Liu C, Ma N, Wang PY, Fu N, Shen HL - PLoS ONE (2013)

Bottom Line: Among these unigenes, 27,191 were identified as putative homologs of annotated sequences in the public protein databases, 4,326 and 7,061 unigenes were found to be highly abundant in lines 121A and 121C, respectively.Many of the differentially expressed unigenes represent a set of potential candidate genes associated with the formation or abortion of pollen.The results shed the lights on the occurrence and recovery of the disturbances in nuclear-mitochondrial interaction and provide clues for further investigations.

View Article: PubMed Central - PubMed

Affiliation: China Agricultural University, Beijing, China.

ABSTRACT

Background: The use of cytoplasmic male sterility (CMS) in F1 hybrid seed production of chili pepper is increasingly popular. However, the molecular mechanisms of cytoplasmic male sterility and fertility restoration remain poorly understood due to limited transcriptomic and genomic data. Therefore, we analyzed the difference between a CMS line 121A and its near-isogenic restorer line 121C in transcriptome level using next generation sequencing technology (NGS), aiming to find out critical genes and pathways associated with the male sterility.
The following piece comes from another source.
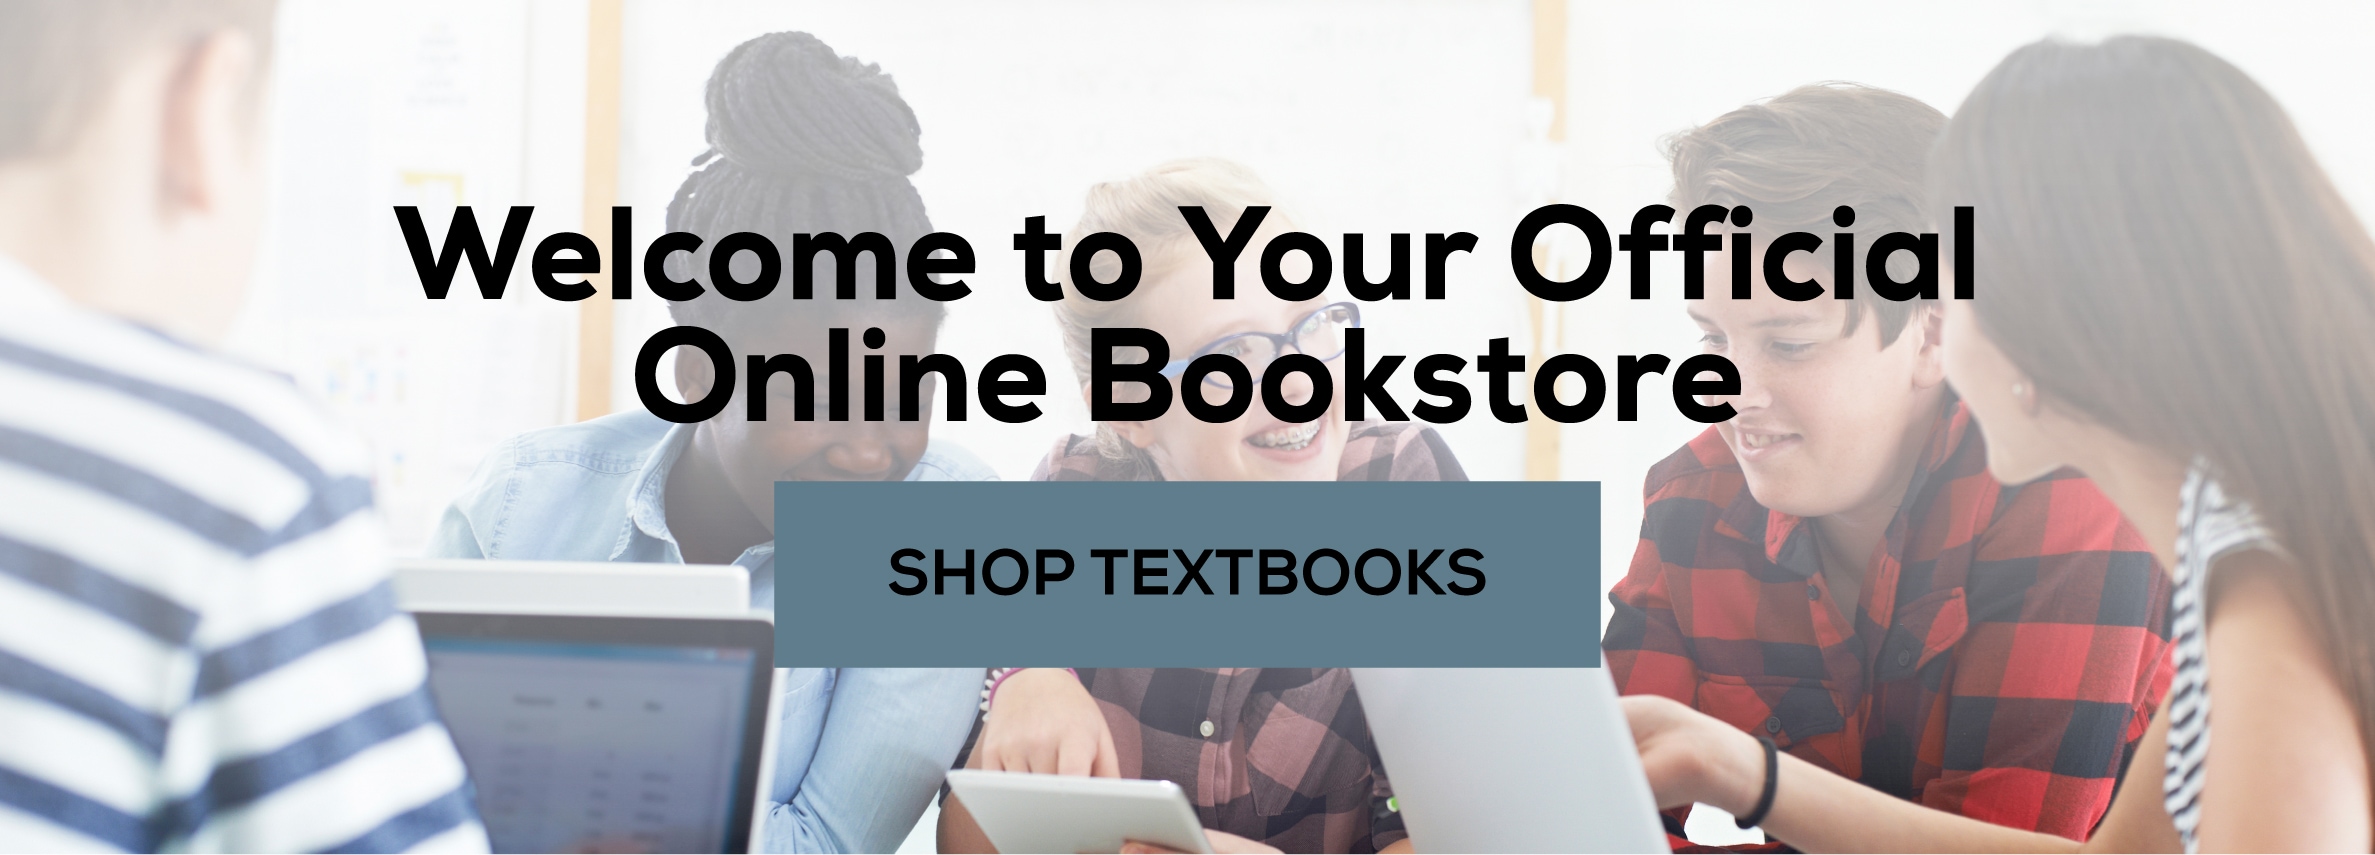 Welcome to your official online bookstore. Shop textbooks.

Results: We generated approximately 53 million sequencing reads and assembled de novo, yielding 85,144 high quality unigenes with an average length of 643 bp. Among these unigenes, 27,191 were identified as putative homologs of annotated sequences in the public protein databases, 4,326 and 7,061 unigenes were found to be highly abundant in lines 121A and 121C, respectively. Many of the differentially expressed unigenes represent a set of potential candidate genes associated with the formation or abortion of pollen.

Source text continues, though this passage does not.